Trumbull County Prosecutor Dennis Watkins argued the state should do whatever is necessary to carry out sentences. “If it includes nitrogen gas, I’m for it,” he said, “If it includes the firing squad, I’m for it.” Watkins alluded to a 2009 case in which Kenneth Biros was executed using a single drug after an execution with the standard three-drug cocktail failed earlier that year. He praised then-Gov. Ted Strickland for carrying out the “last dying wish” of the victim’s mother.

“We have a fair system in Ohio, and that system has worked,” he said. “And it has worked three times in Trumbull County — if we have the willpower.”

Attorney General Dave Yost criticized the state’s acceptance of pharmaceutical companies refusing to sell it the necessary drugs.

“Call it a private sector pardon,” he said. “It’s preposterous, and it ought to be rejected out of hand. This bill will put an end to the stalemate and restore Ohio’s sovereign power to act.”

He argued Ohioans still favor the death penalty because juries keep voting for it. It only takes one juror, Yost emphasized, to scuttle a death sentence.

Speaking outside, he argued the time for delaying executions is over. If the problem is really just the supply of drugs, then nitrogen hypoxia offers a solution. But if, on the other hand, the problem is a moral objection, that debate should be hashed out openly.

“You’re allowed to have a change of heart, but at least own it,” Yost insisted. “This stuck in the mud, nothing happens, we don’t keep the promises but we don’t have the guts to say we’re not going to, is just wrong.”

It’s difficult to separate arguments for an additional capital punishment protocol from arguments about capital punishment itself. State Rep. Richard Brown, D-Canal Winchester, criticized proponents several times for that kind of bait and switch — couching their arguments in upholding existing law rather than the merits of nitrogen hypoxia itself.

“Again, this is not about the death penalty,” he said, growing frustrated. “I haven’t told you if I’m for it, or against it. For all you know, I’m for it.”

“The issue is how to execute the death penalty — that’s the issue,” he went on. “And it seems to me, the use of nitrogen hypoxia is cruel, unusual, and most likely will violate the Eighth Amendment of the Constitution.”

Brown brought up the 2020 veterinary guidelines that rejected nitrogen hypoxia for euthanizing most mammals.

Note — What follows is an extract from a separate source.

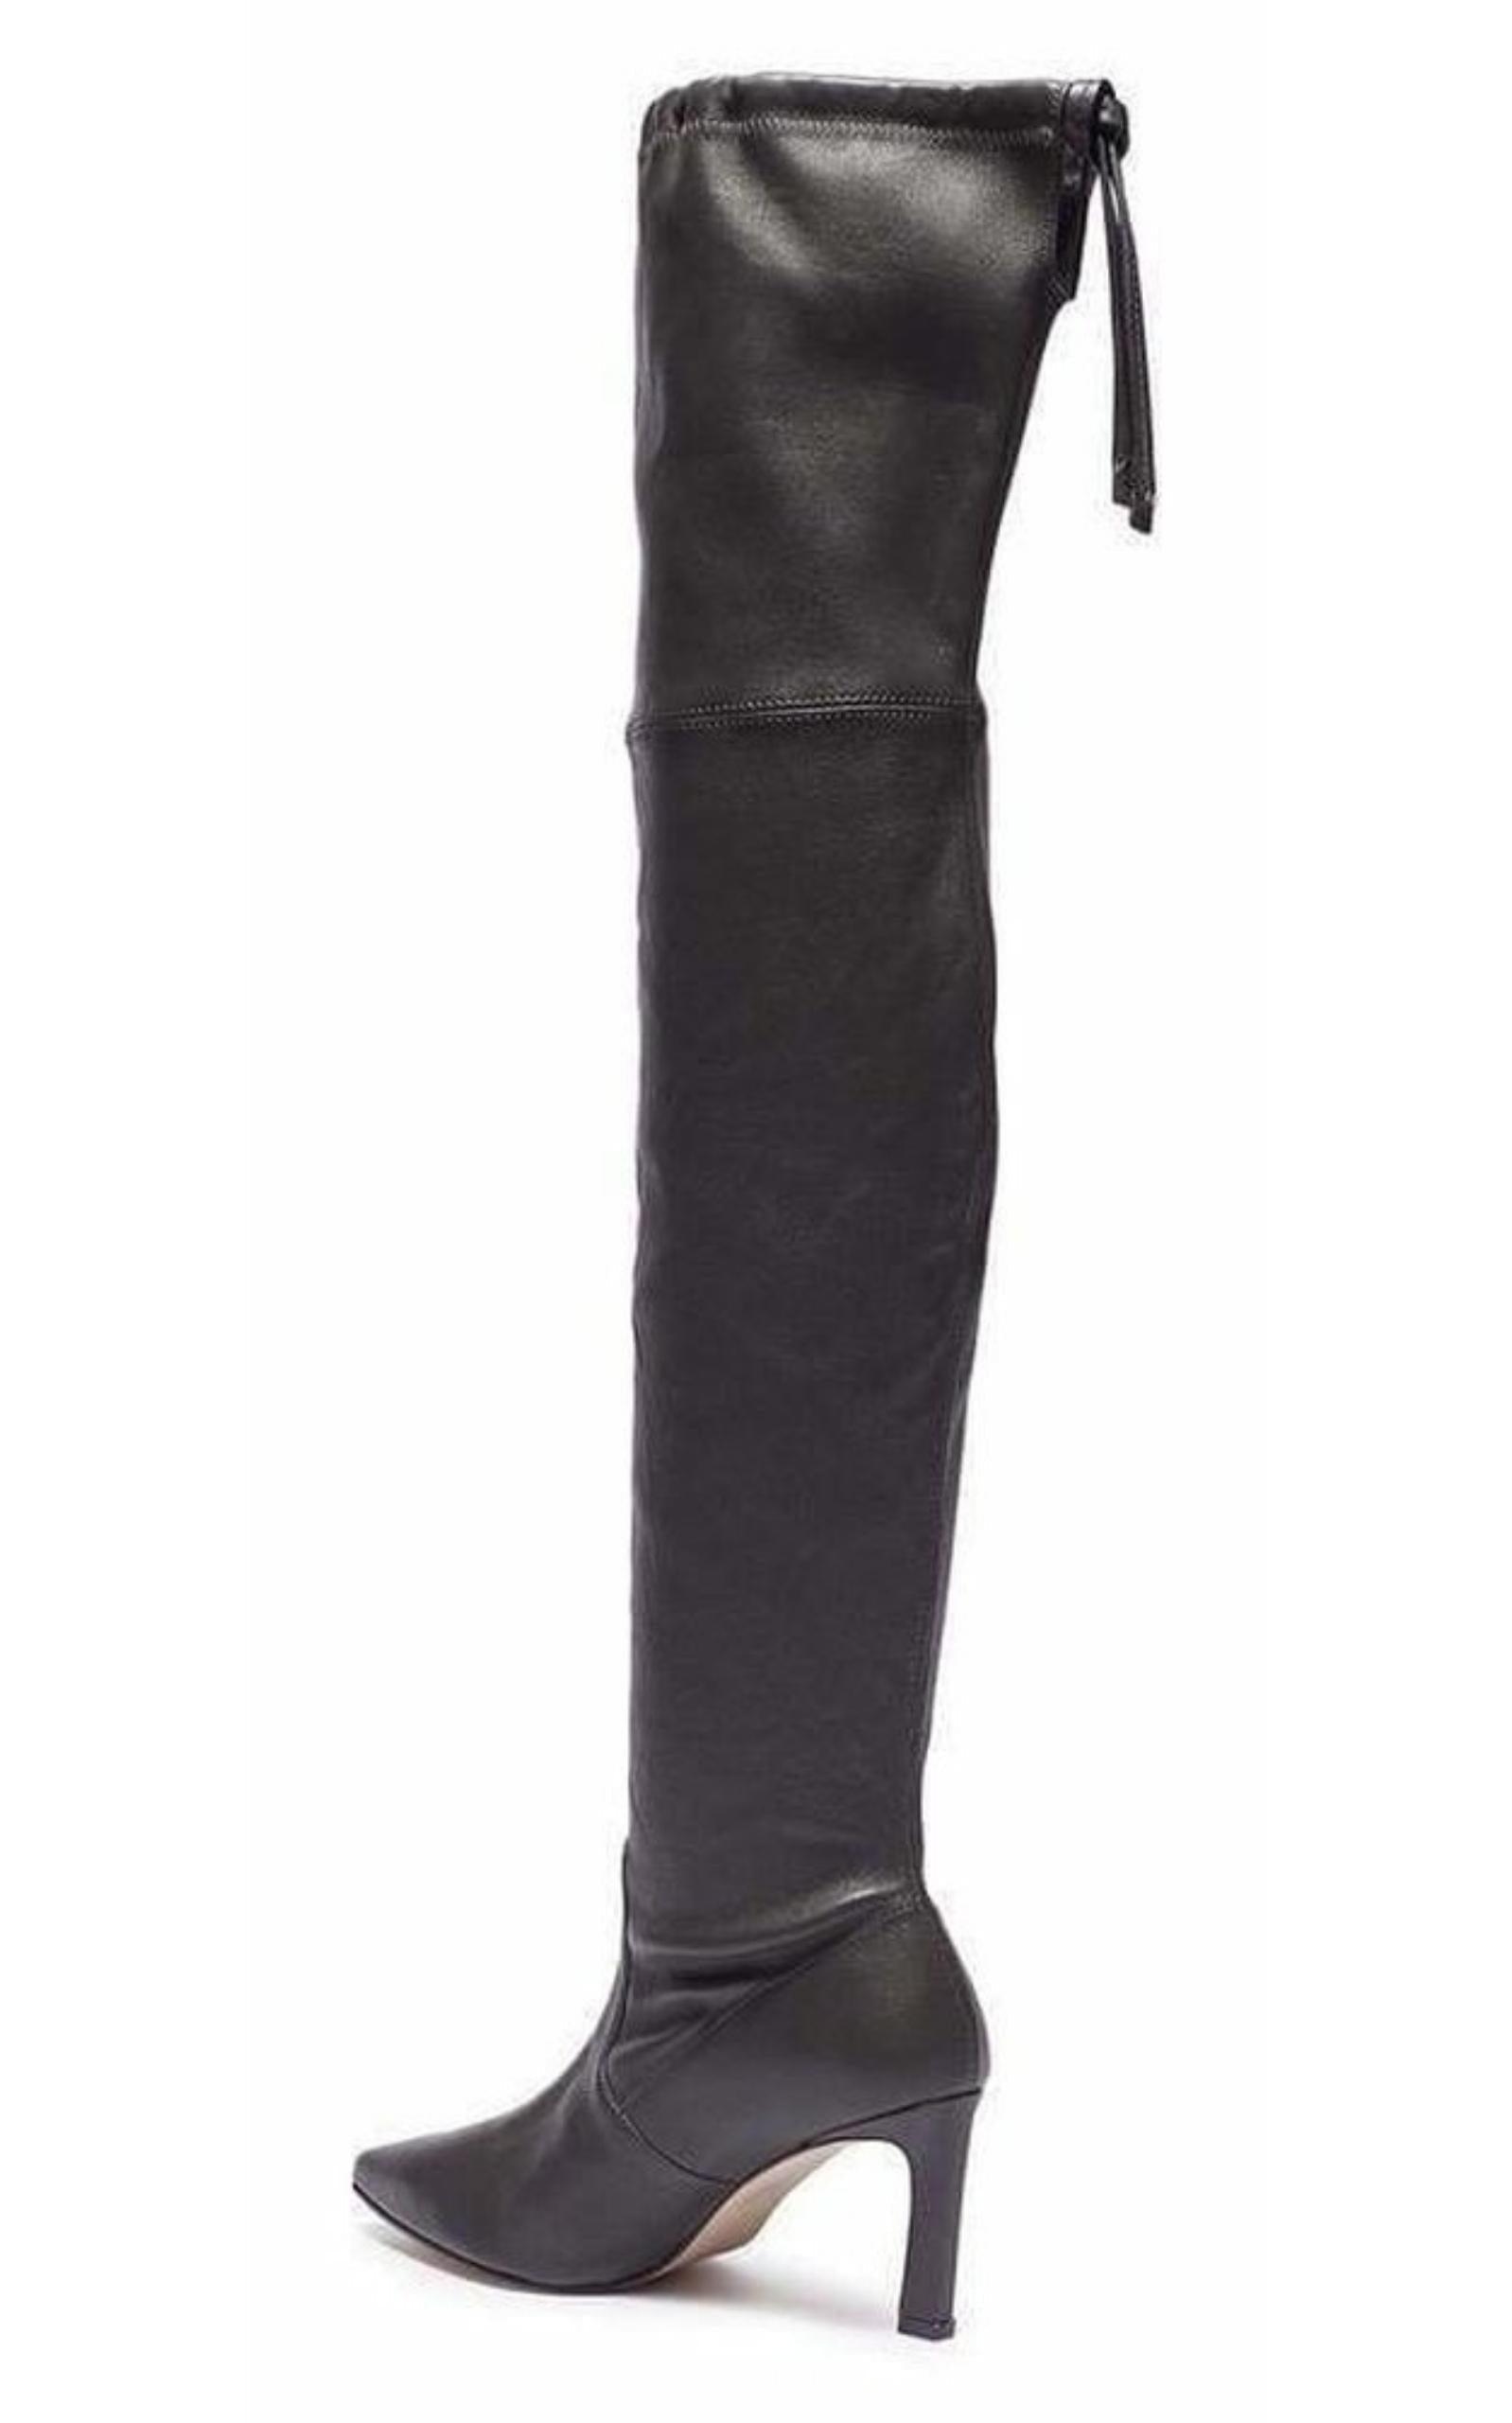 Natalia Over the Knee Length Stretch Leather Boots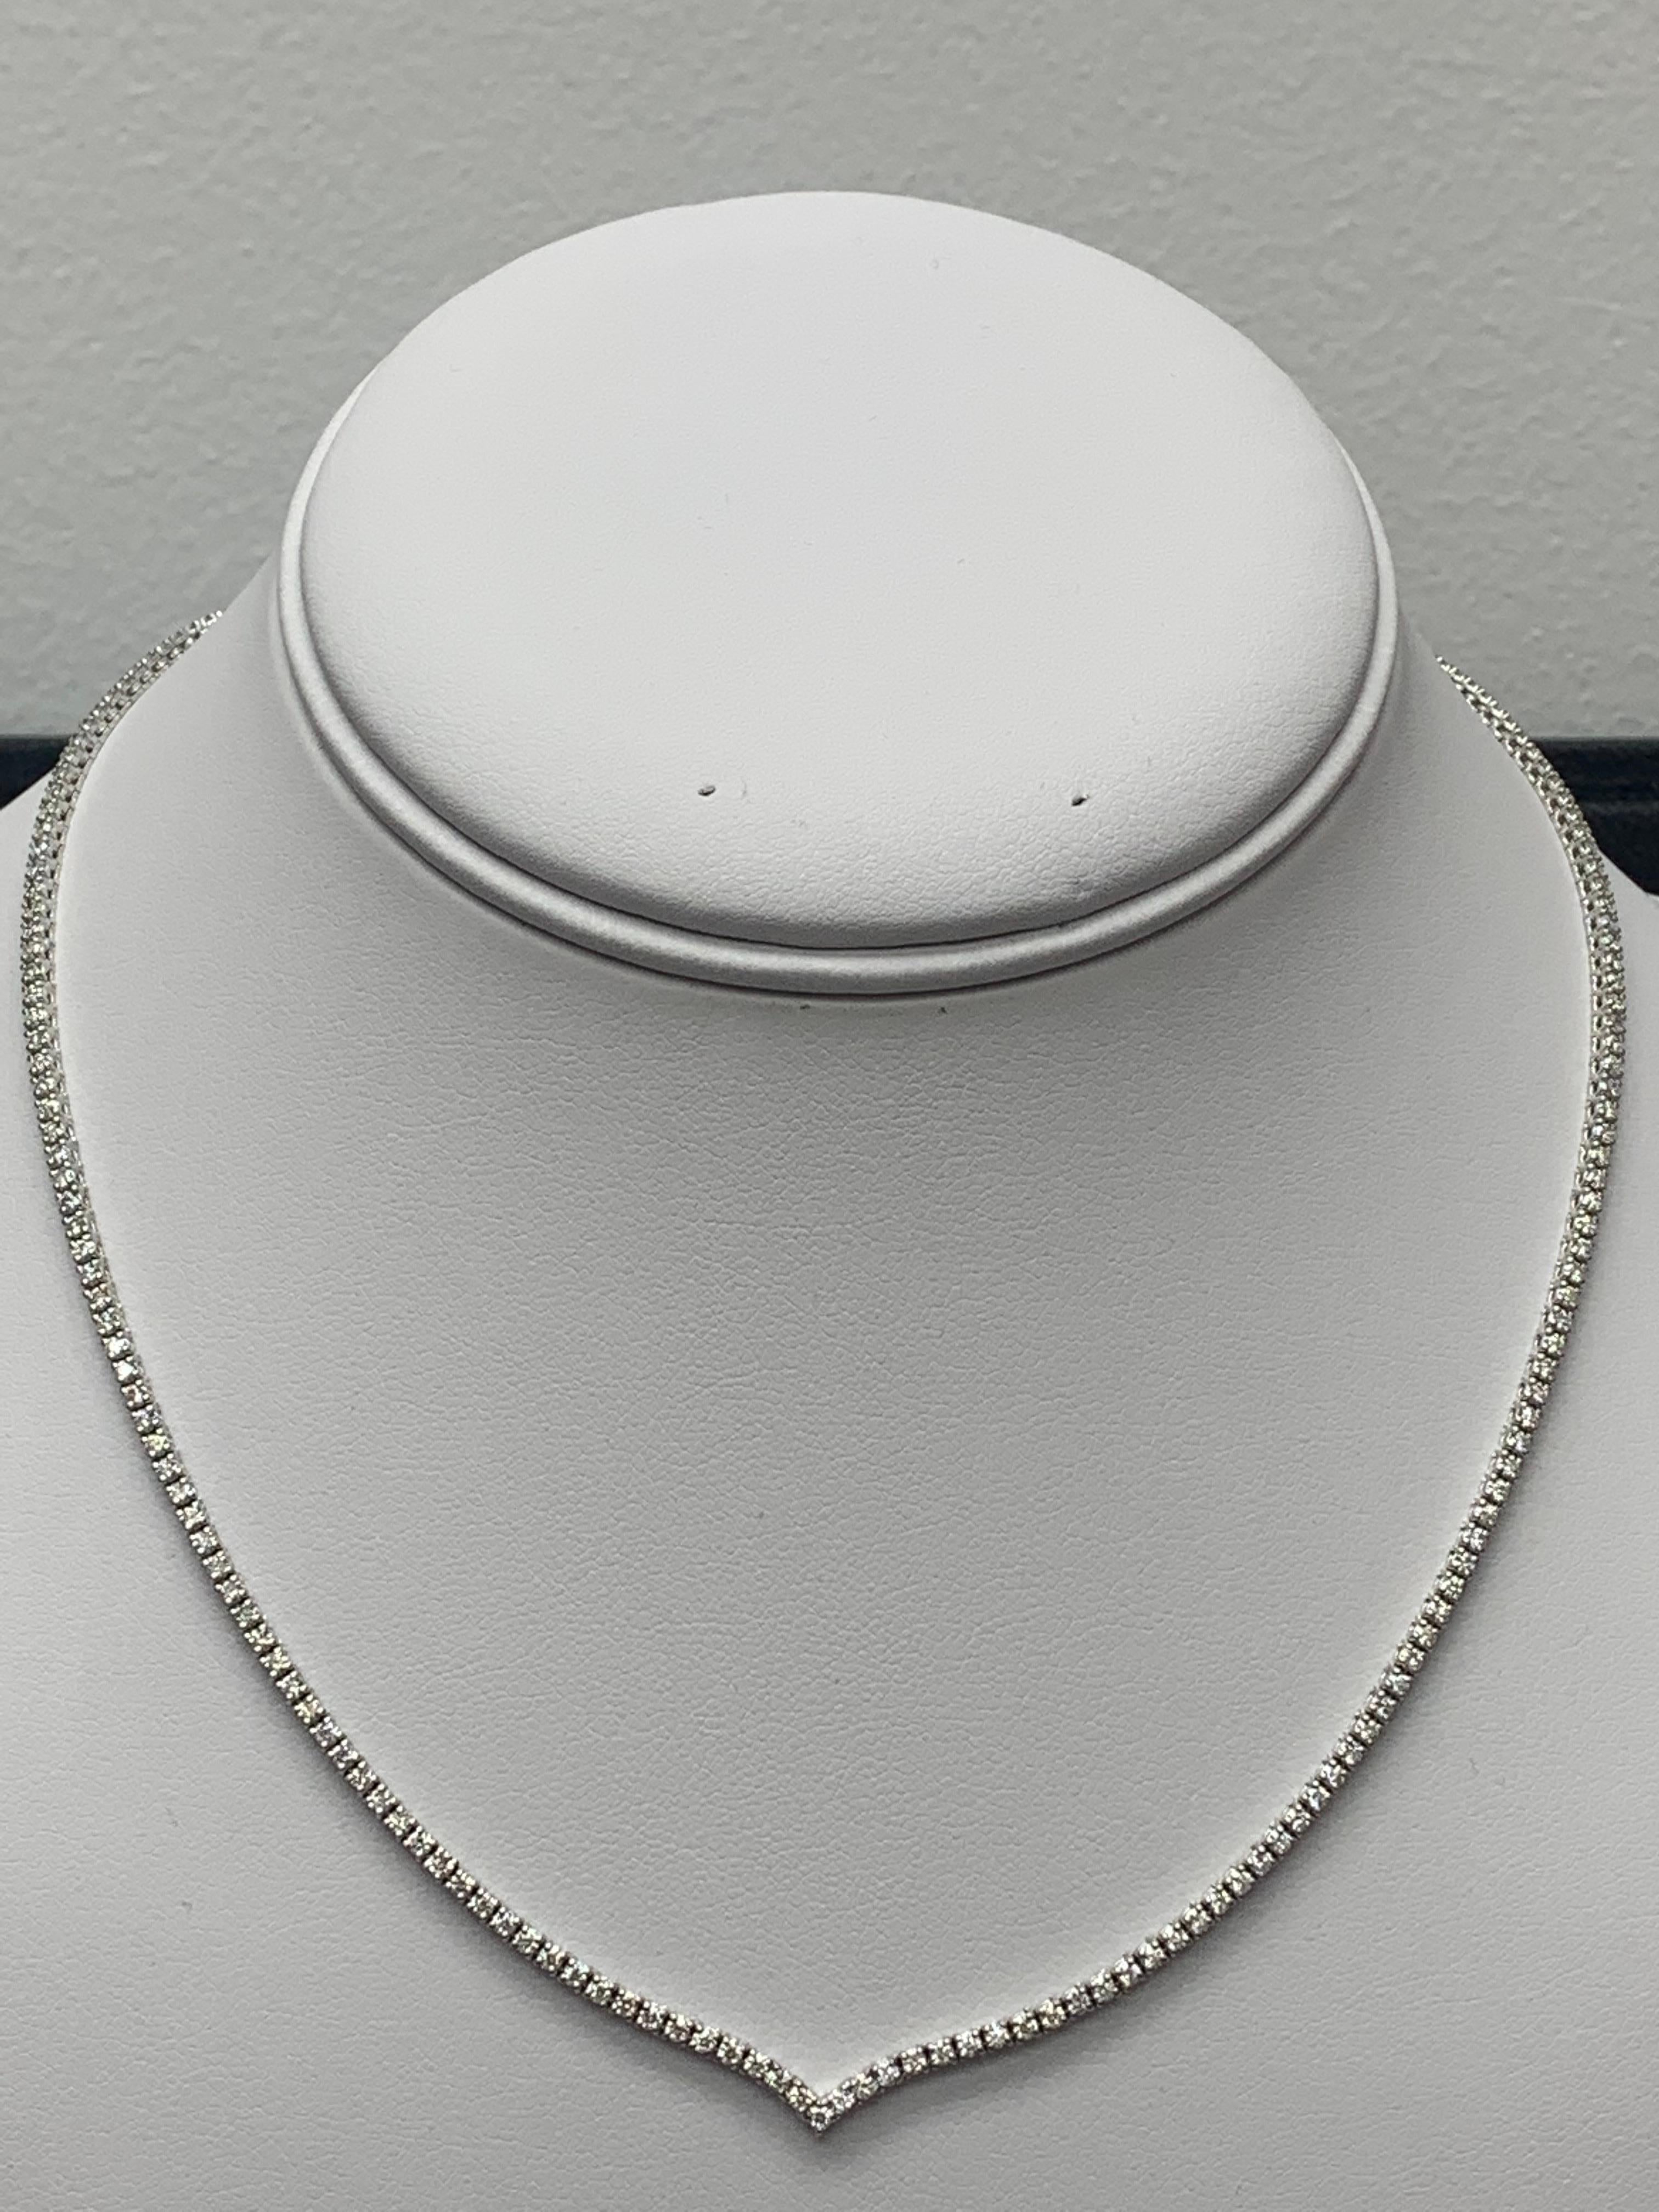 3.58 Carat Diamond Tennis Necklace in 14K White Gold In New Condition For Sale In NEW YORK, NY

“While we’re polling the group,” Rep. Dani Isaacsohn, D-Cincinnati, chimed in, “I am opposed to the death penalty.”

Isaacsohn expressed skepticism at capital punishment’s deterrent effect. He noted the gruesome cases supporters reference only underscore its ineffectiveness. Tobin acknowledged, “the death penalty has unquestionably lost some of its deterrent effect, as we’ve drawn out that appeals process over the years.” But he insisted “justice sometimes just demands more.”

Committee chair Rep. Bob Peterson, R-Selina, cut in, to redirect debate toward nitrogen hypoxia rather than the death penalty writ large.

Rep. Bill Seitz, R-Cincinnati, took up a different provision related to confidentiality for companies providing the materials for executions.

“Do you think by doing that,” Seitz asked Tobin, “we might suddenly be able to get the supply of the three-drug protocol that we were somehow unable to get for these many years?”

“I think that is certainly the hope,” he said before allowing, “obviously I can’t predict that that will come to fruition.” Tobin noted some of the states that have continued carrying out executions have those confidentiality protections in place. “And I have to believe that that has provided them greater access maybe than Ohio,” he said.